When you repeat the material, keep each line exact and omit the pictures.
━━━━━━
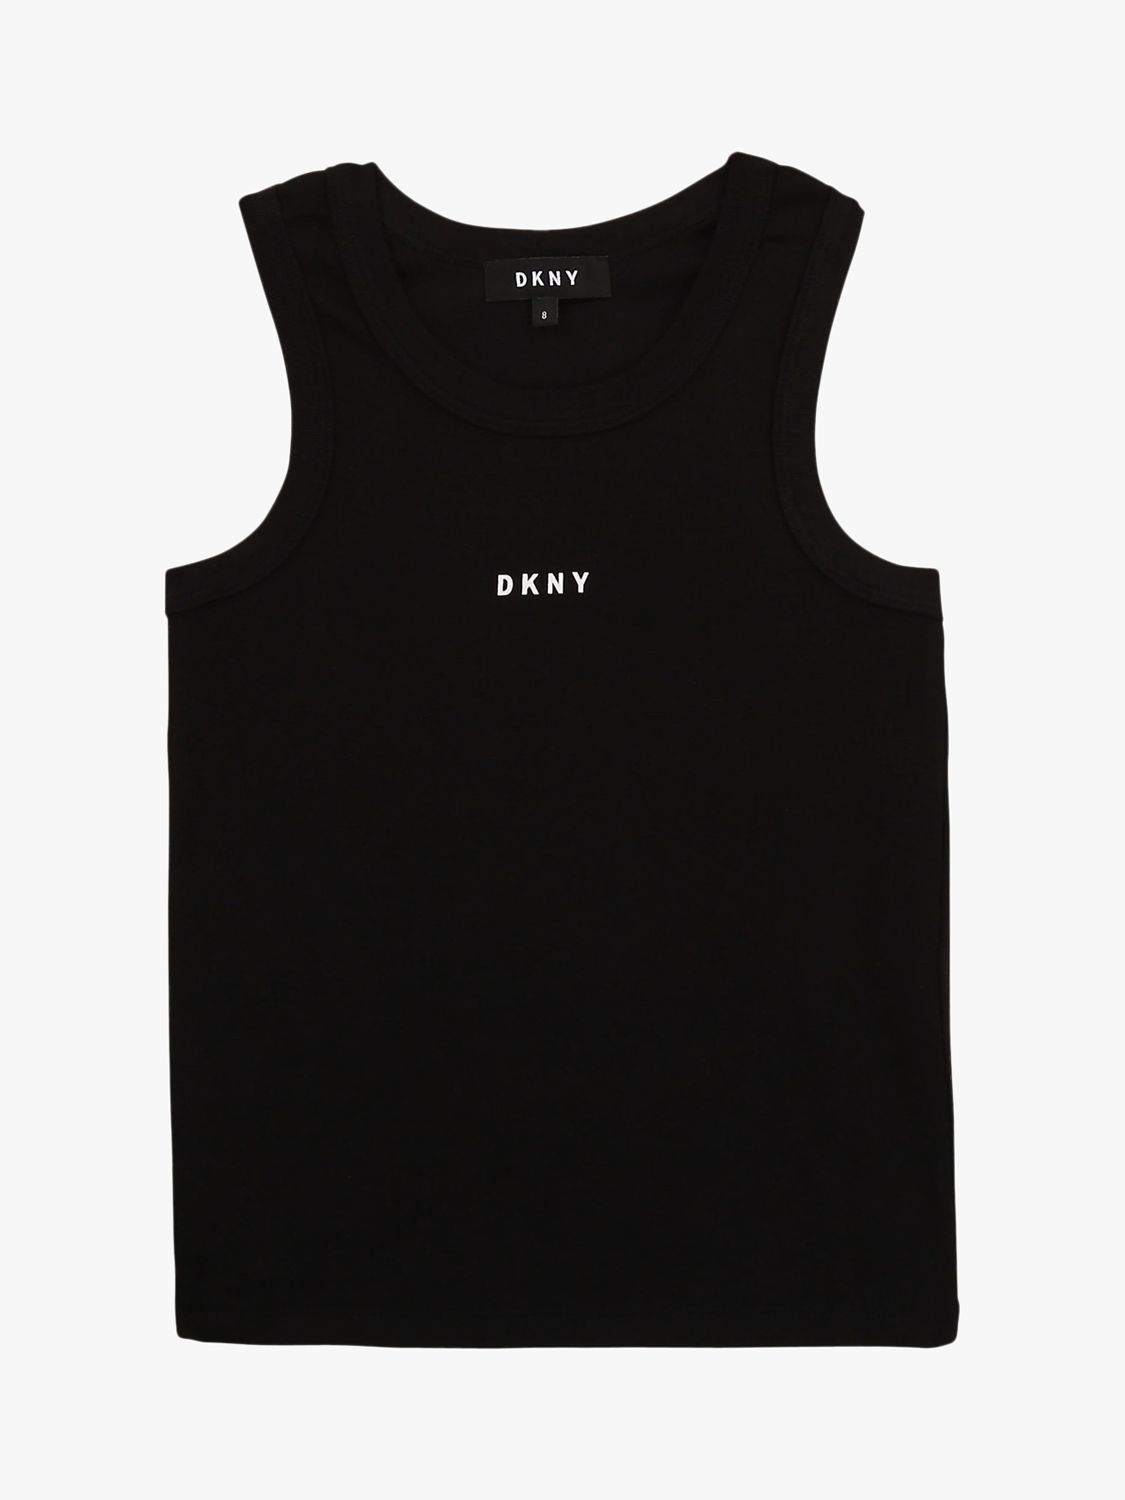 DKNY Kids' Vest & Jersey Top, Poppy, 4 years
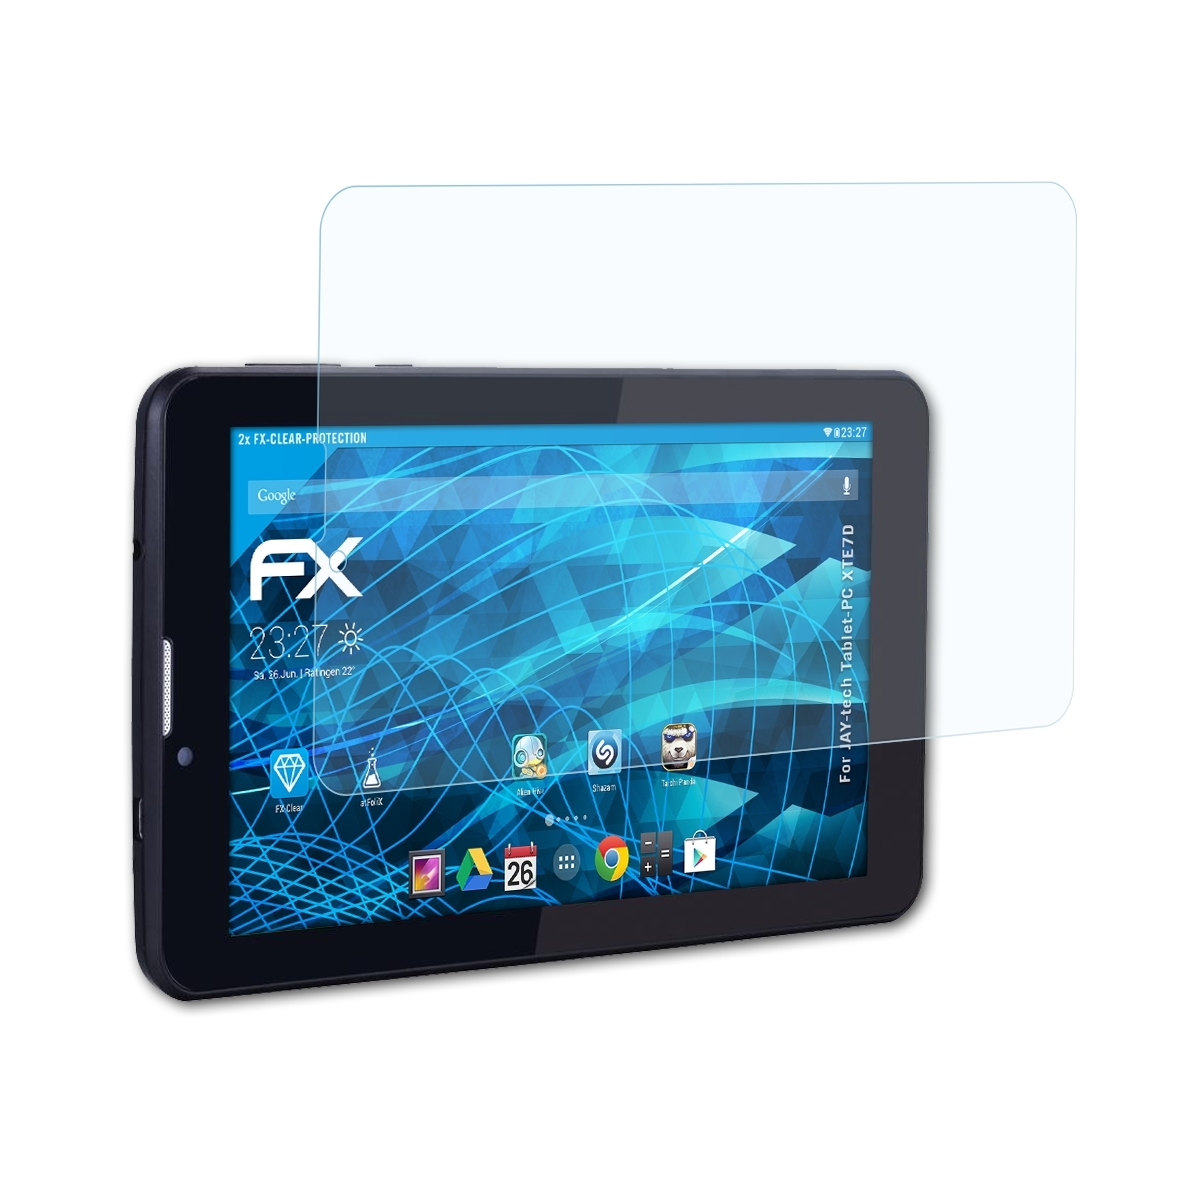 ATFOLIX 2x FX-Clear Displayschutz(für JAY-tech Tablet-PC XTE7D)
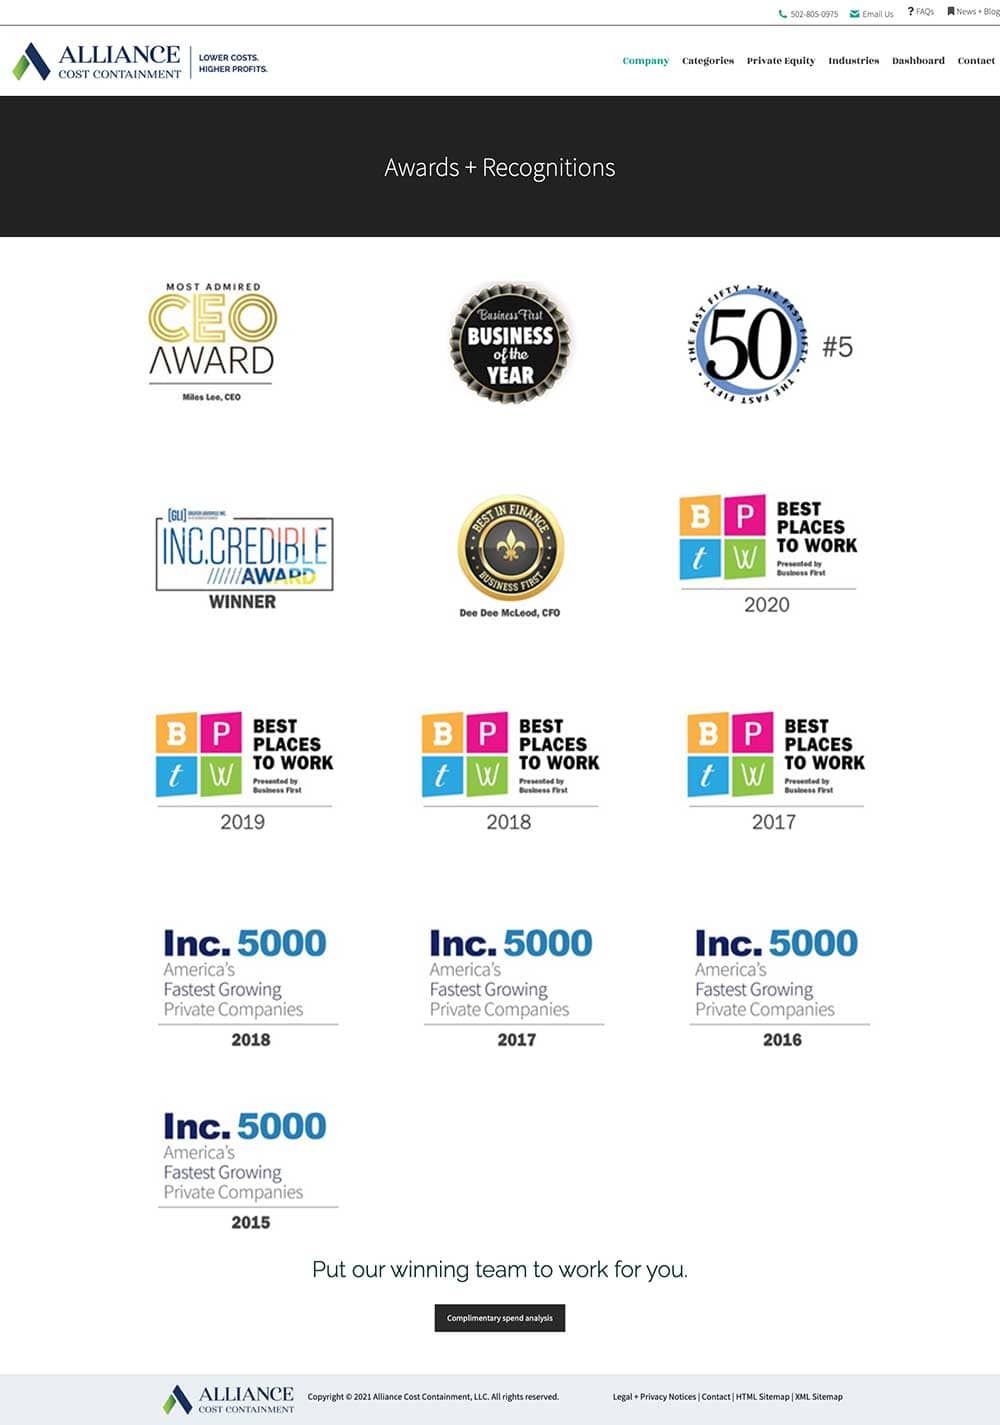 Screenshot of ACC awards page wordpress website design
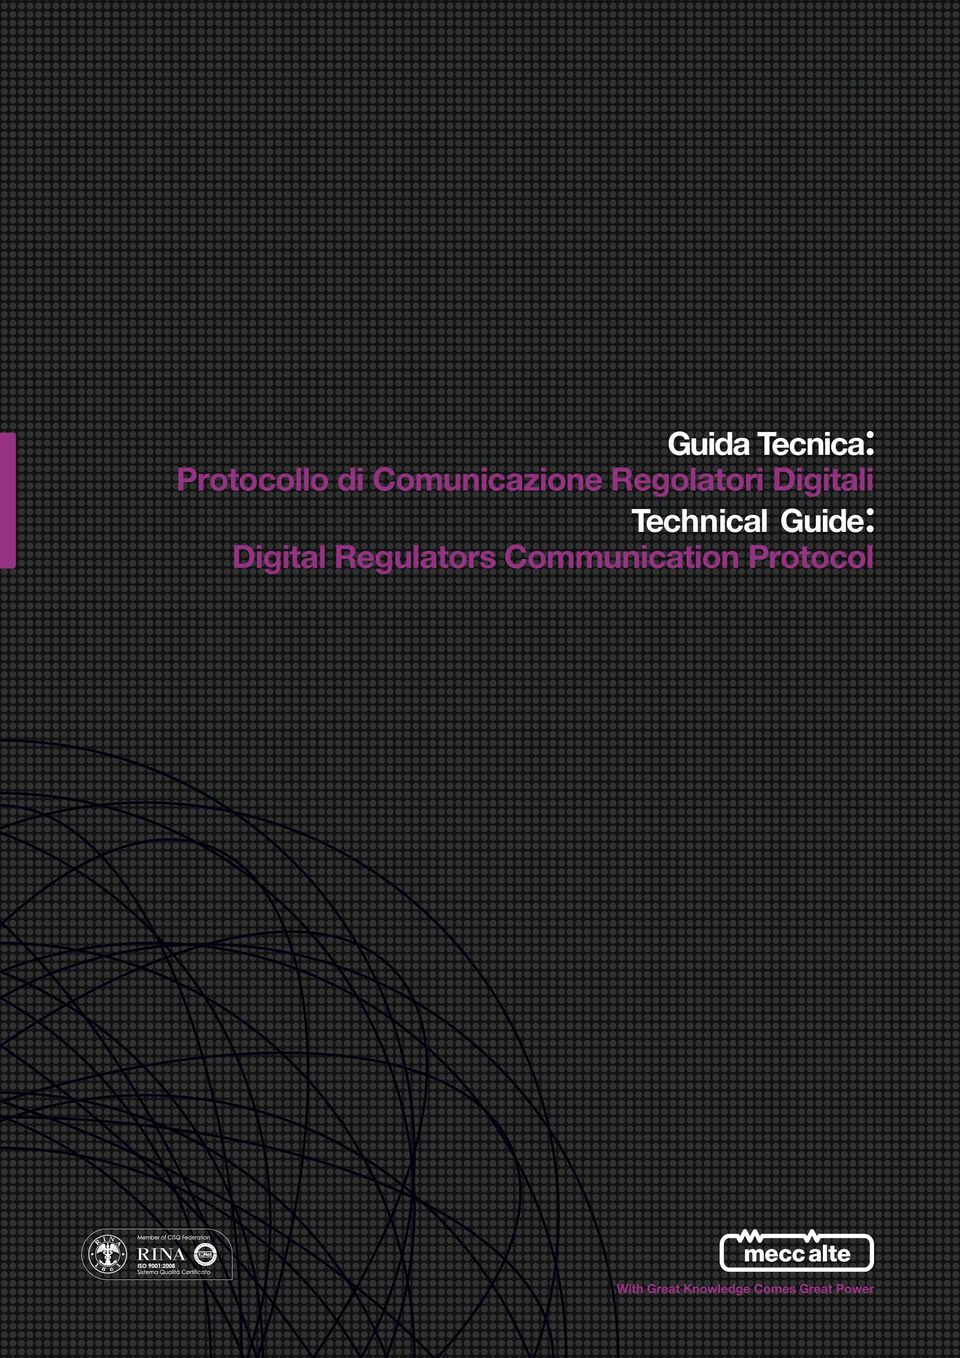 Digitali Technical Guide
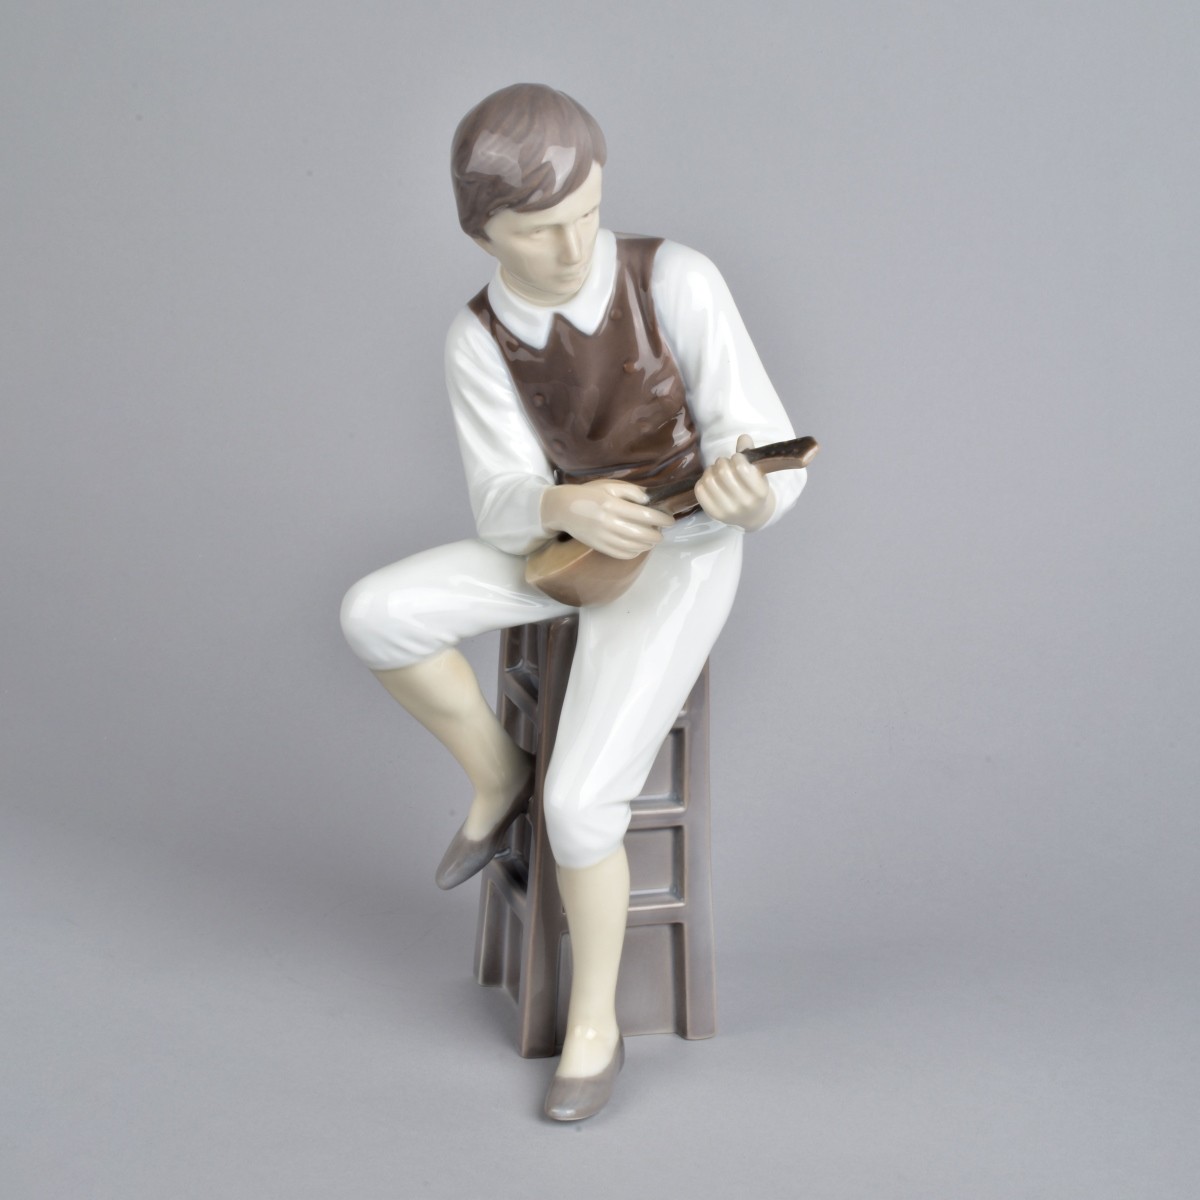 Bing & Grondahl (B&G) Porcelain Figurine
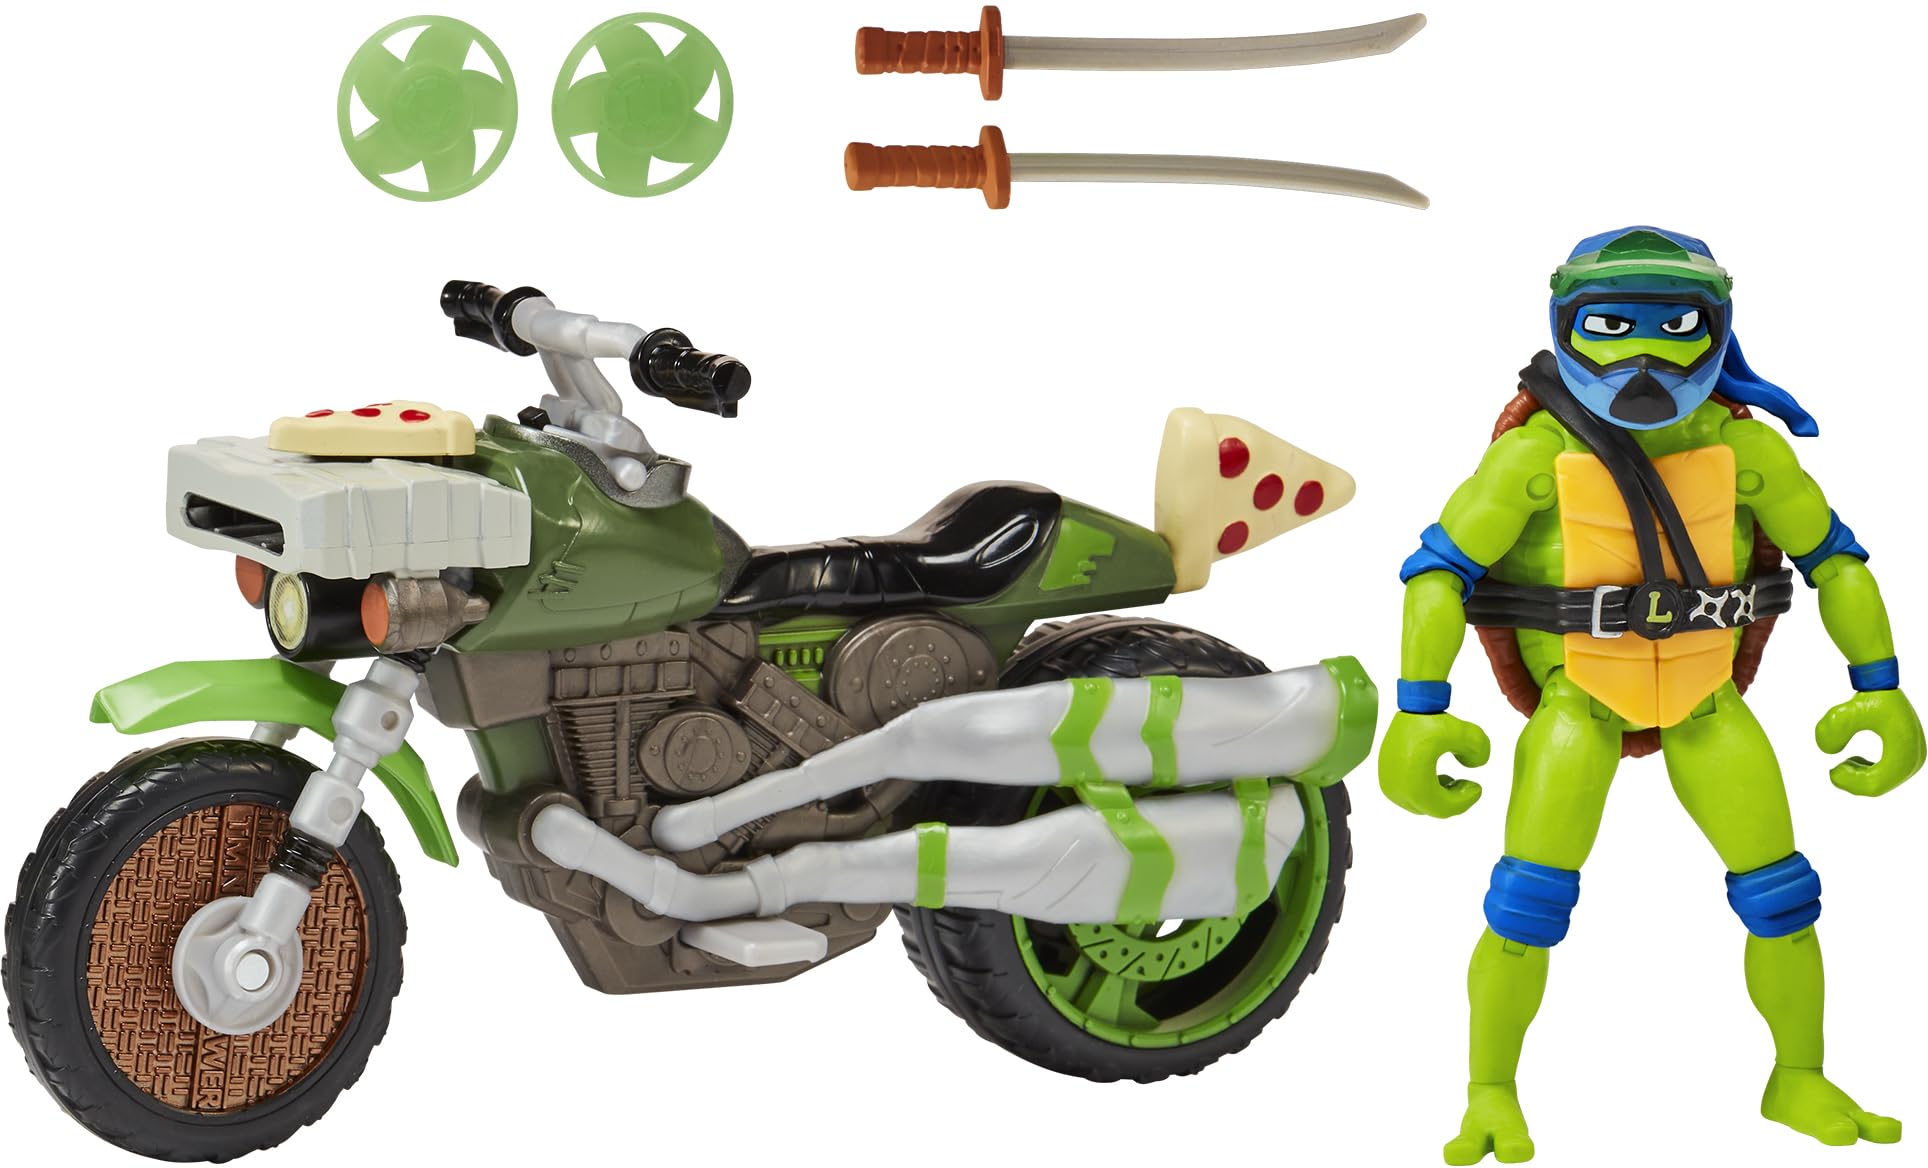 $10.19: Teenage Mutant Ninja Turtles: Mutant Mayhem Ninja Kick Cycle with Exclusive Leonardo Figure at Amazon
━━━━━━
EXERCISE ANSWER
 DKNY Kids' Vest & Jersey Top, Poppy, 4 years
 ATFOLIX 2x FX-Clear Displayschutz(für JAY-tech Tablet-PC XTE7D)
 Screenshot of ACC awards page wordpress website design
 Digitali Technical Guide
 Bing & Grondahl (B&G) Porcelain Figurine
 $10.19: Teenage Mutant Ninja Turtles: Mutant Mayhem Ninja Kick Cycle with Exclusive Leonardo Figure at Amazon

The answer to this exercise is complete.